■ DATA SEGMENT ■
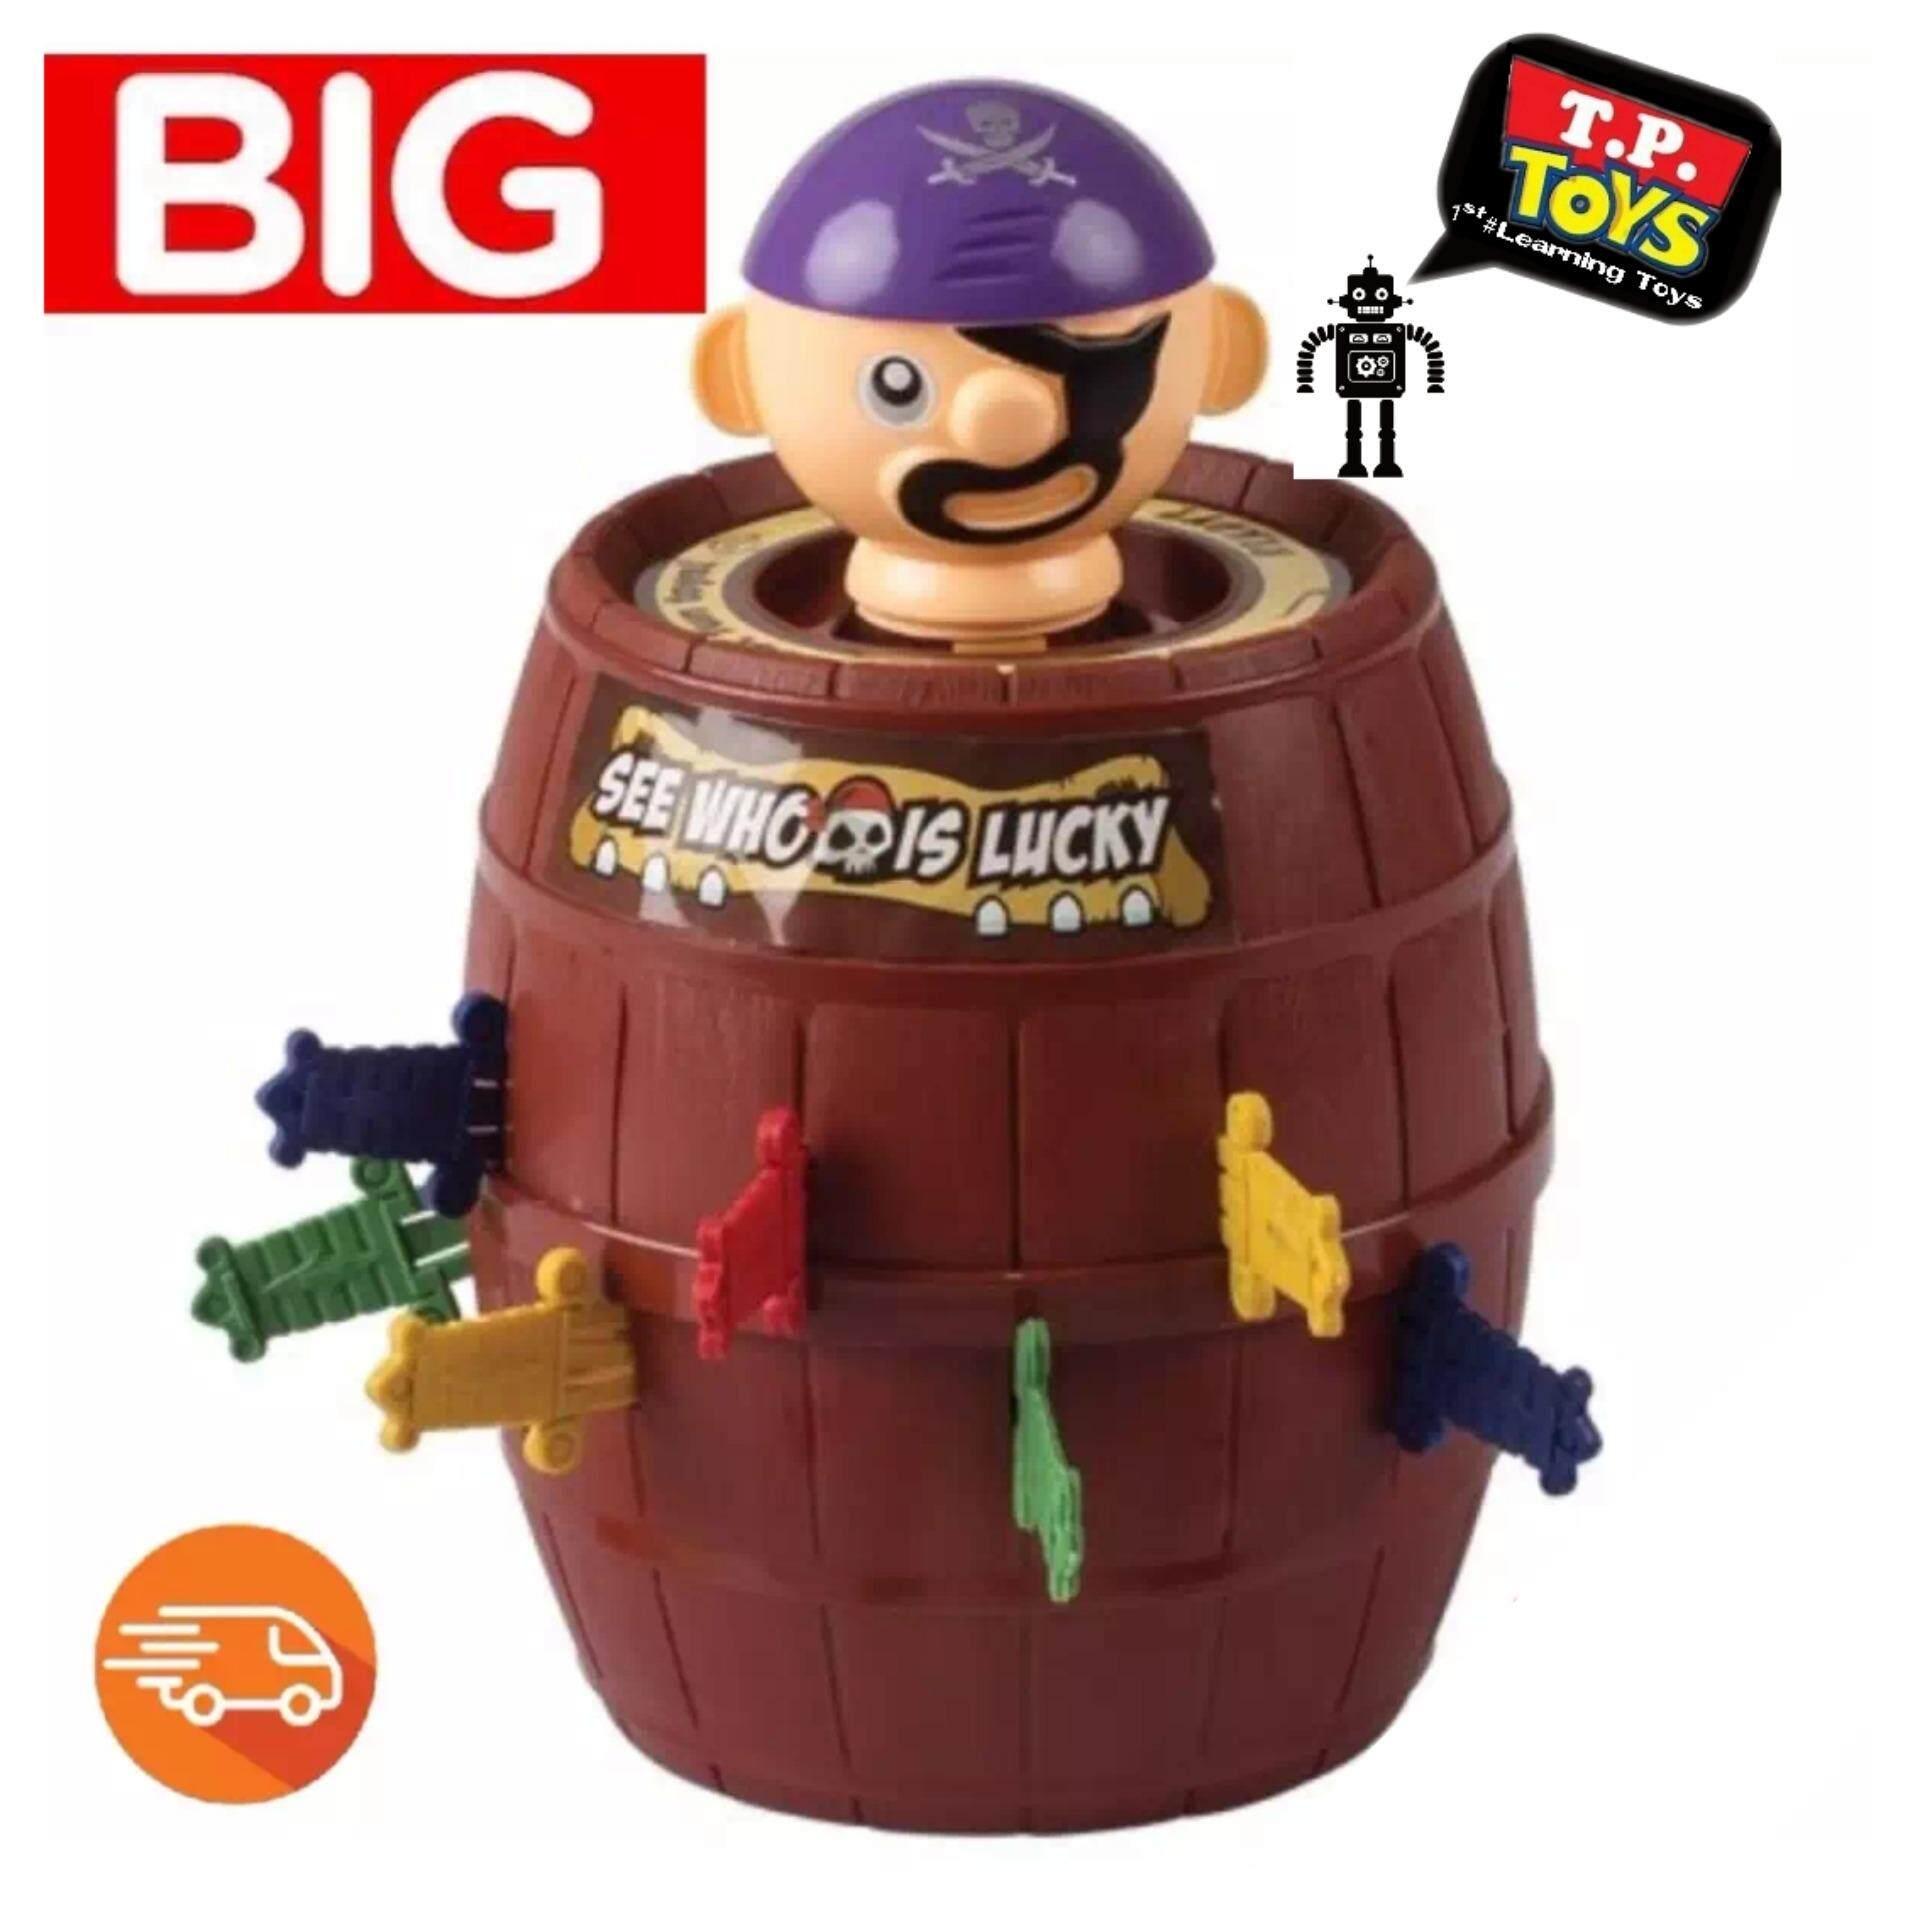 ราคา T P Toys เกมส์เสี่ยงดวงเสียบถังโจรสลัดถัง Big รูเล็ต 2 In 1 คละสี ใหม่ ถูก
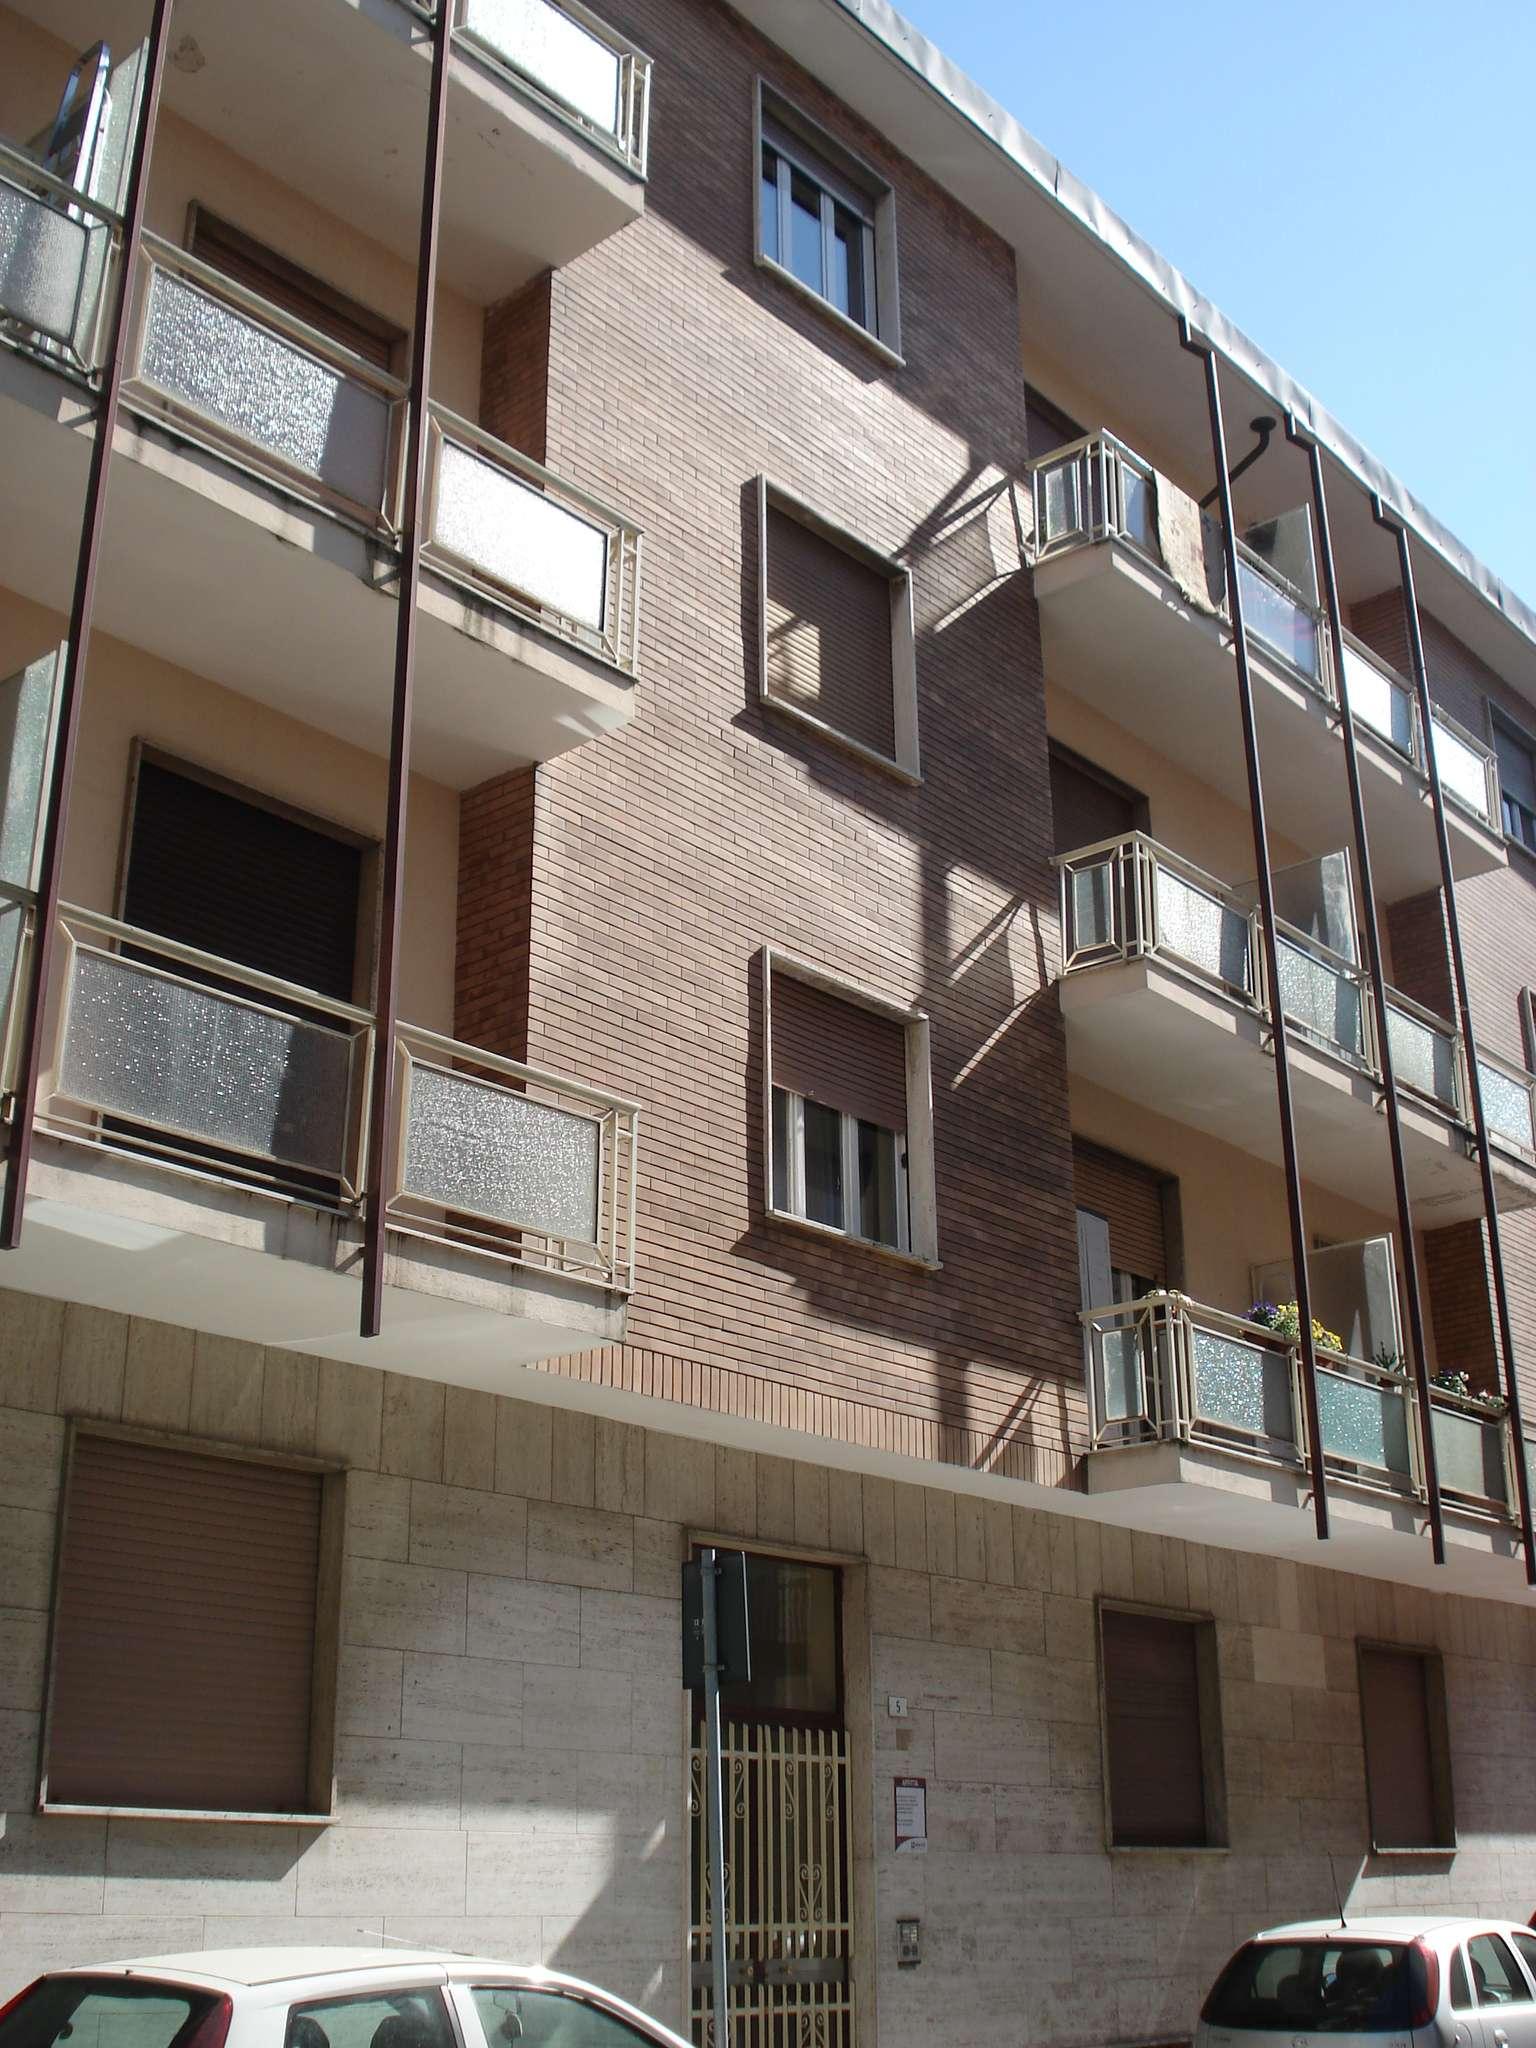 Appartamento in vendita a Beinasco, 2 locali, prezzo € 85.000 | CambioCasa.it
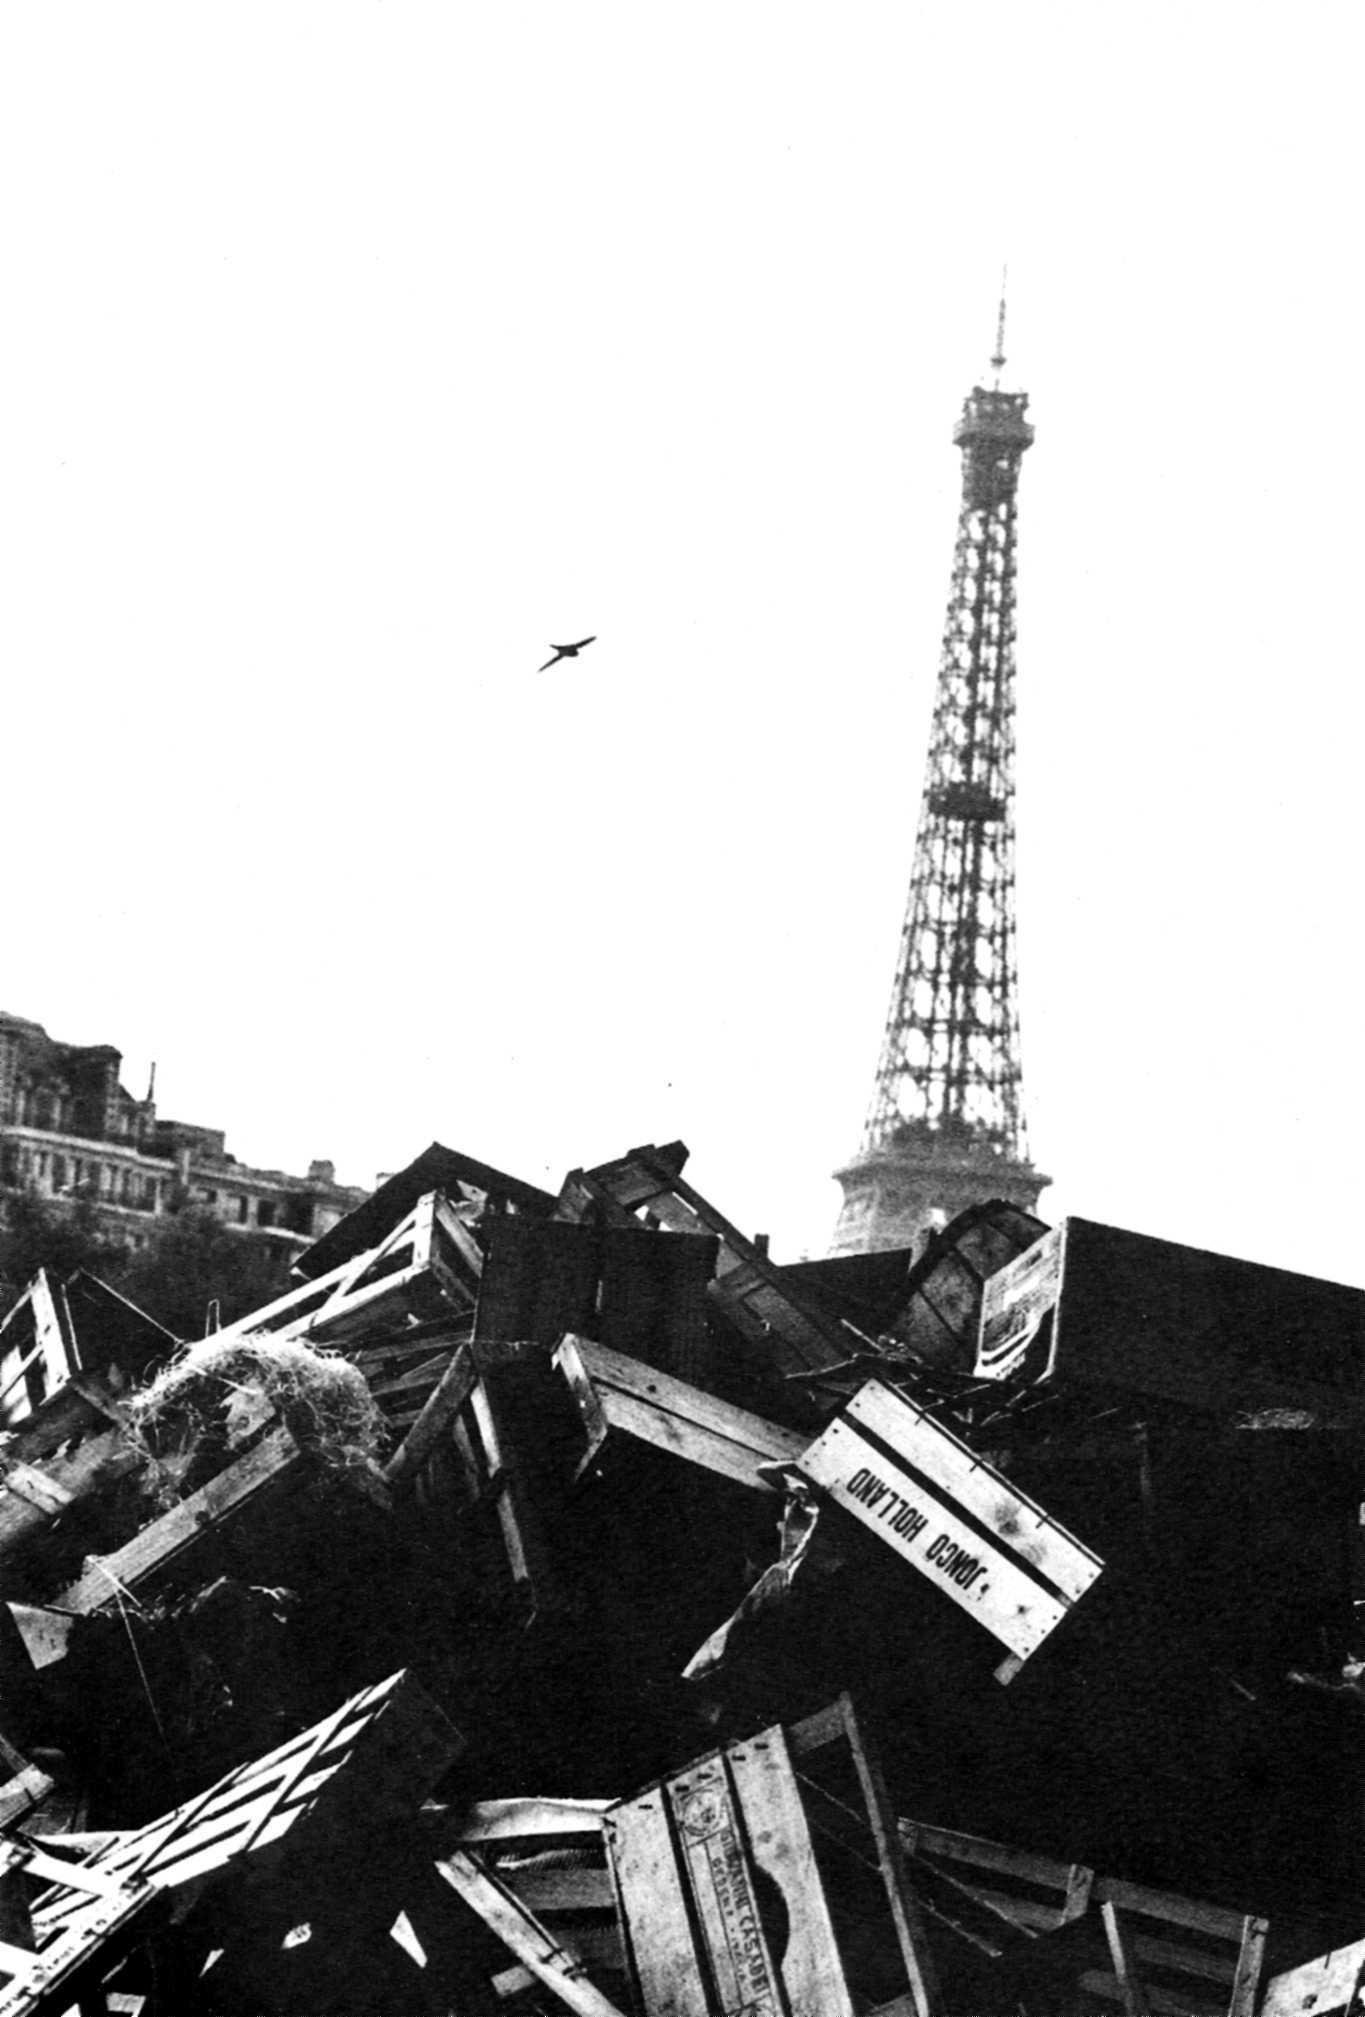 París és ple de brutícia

■ WHAT YOU WILL DO ■
Without the pictures, repeat every line of the material above exactly.

■ TASK ANSWER ■
 ราคา T P Toys เกมส์เสี่ยงดวงเสียบถังโจรสลัดถัง Big รูเล็ต 2 In 1 คละสี ใหม่ ถูก
 Appartamento in vendita a Beinasco, 2 locali, prezzo € 85.000 | CambioCasa.it
 París és ple de brutícia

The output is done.